Document false sharing

ocaml-multicore · Aug 15, 2023 · e6c2542 · e6c2542
1 parent 9bce842
commit e6c2542
Showing 1 changed file with 124 additions and 0 deletions.
diff --git a/README.md b/README.md
@@ -88,6 +88,7 @@ is distributed under the [ISC license](LICENSE.md).
     - [Understanding transactions](#understanding-transactions)
     - [A three-stack lock-free queue](#a-three-stack-lock-free-queue)
     - [A rehashable lock-free hash table](#a-rehashable-lock-free-hash-table)
+  - [Avoid false sharing](#avoid-false-sharing)

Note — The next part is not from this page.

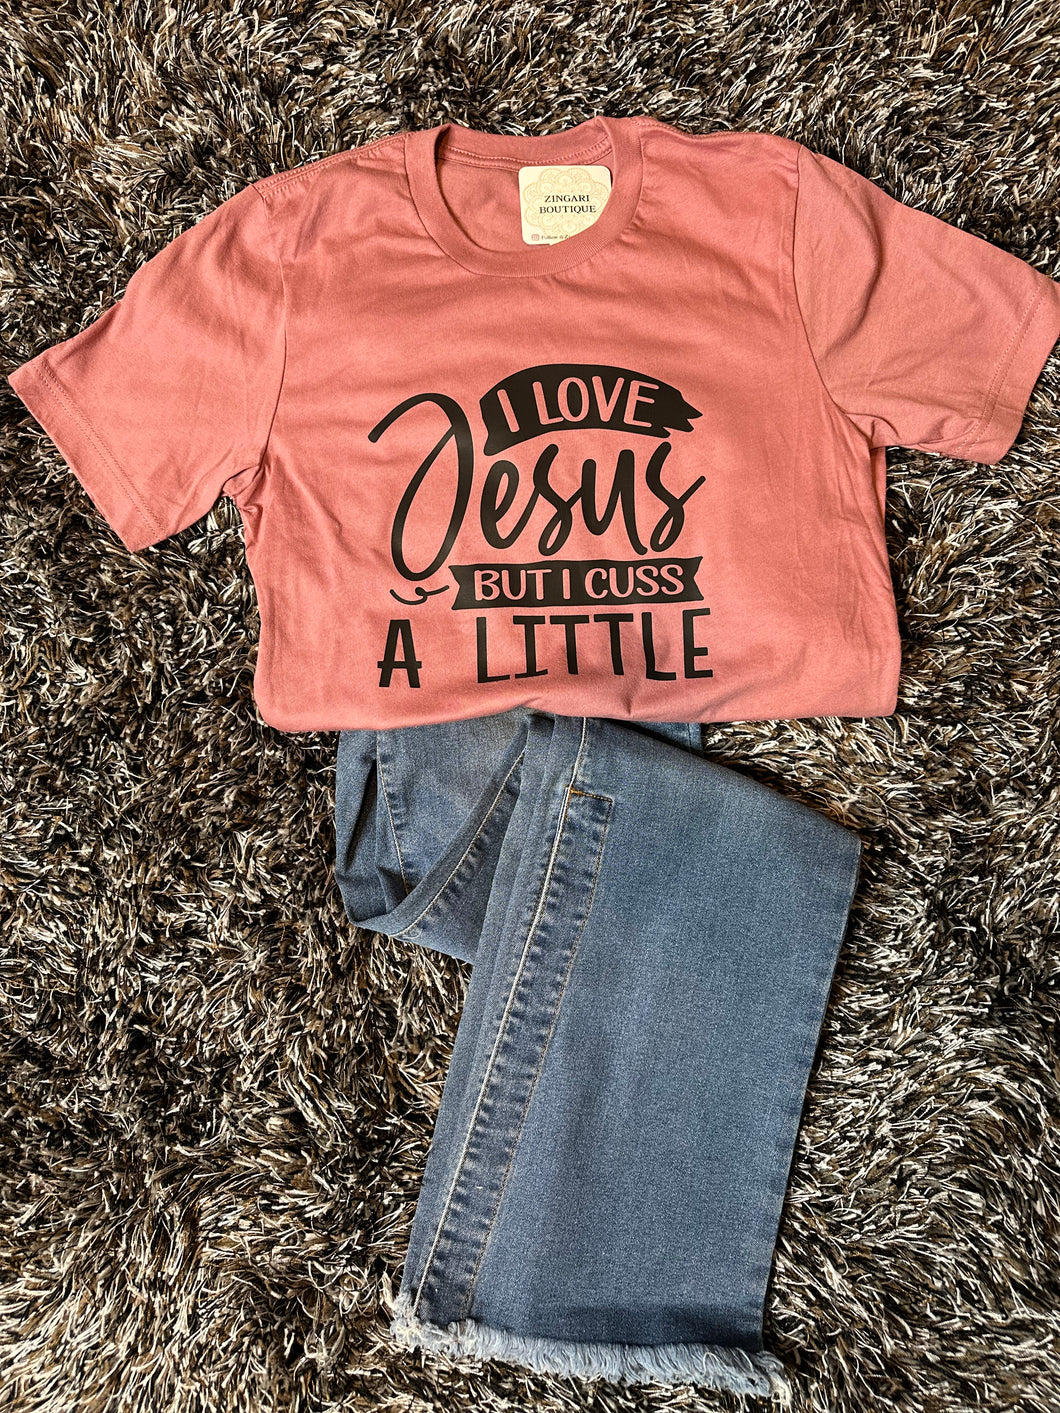 I love Jesus But I cuss a little Graphic T-Shirt

   - [Beware of torn reads](#beware-of-torn-reads)
 
 ## A quick tour
@@ -1984,6 +1985,129 @@ What we have here is a lock-free hash table with rehashing that should not be
 highly prone to starvation. In other respects this is a fairly naive hash table
 implementation. You might want to think about various ways to improve upon it.
 
+### Avoid false sharing
+
+False sharing is a form of contention that arises when some location, that is
+being written to by at least a single core, happens to be in memory next to
+&mdash; within the same cache line aligned block of memory &mdash; another
+location that is accessed, read or written, by other cores.
+
+Perhaps contrary to how it is often described, false sharing doesn't require the
+use of atomic variables or atomic instructions. Consider the following example:
+
+```ocaml
+# type state = { mutable counter: int; mutable finished: bool }
+type state = { mutable counter : int; mutable finished : bool; }
+
+# let state = { counter = 1_000; finished = false }
+val state : state = {counter = 1000; finished = false}
+
+# let reader = Domain.spawn @@ fun () ->
+    while not state.finished do
+      Domain.cpu_relax ()
+    done
+val reader : unit Domain.t = <abstr>
+
+# while 0 < state.counter do
+    state.counter <- state.counter - 1
+  done;
+- : unit = ()
+
+# state.finished <- true;
+- : unit = ()
+
+# Domain.join reader
+- : unit = ()
+```
+
+The `state` is a record with two fields, `counter` and `finished`, next to each
+other, which makes it rather likely for them to happen to reside in the same
+cache line aligned block of memory. The main domain repeatedly mutates the
+`counter` field and the other domain repeatedly reads the `finished` field. What
+this means in practice is that the reads of the `finished` field by the other
+domain will be very expensive, because the cache is repeatedly invalidated by
+the `counter` updates done by the main domain.
+
+The above example is contrived, of course, but this sort of false sharing can
+happen very easily. Cache lines are typically relatively large &mdash; 8, 16, or
+even 32 words wide. Typically many, if not most, heap allocated objects in OCaml
+are smaller than a cache line, which means that false sharing may easily happen
+even between seemingly unrelated objects.
+
+To completely avoid false sharing one would basically need to make sure that
+mutable locations (atomic or otherwise) are not allocated next to locations that
+might be accessed from other domains. Unfortunately, that is difficult to
+achieve without being expensive in itself as it tends to increase memory usage
+and the amount of initializing stores.
+
+The
+[`Loc.make`](https://ocaml-multicore.github.io/kcas/doc/kcas/Kcas/Loc/index.html#val-make)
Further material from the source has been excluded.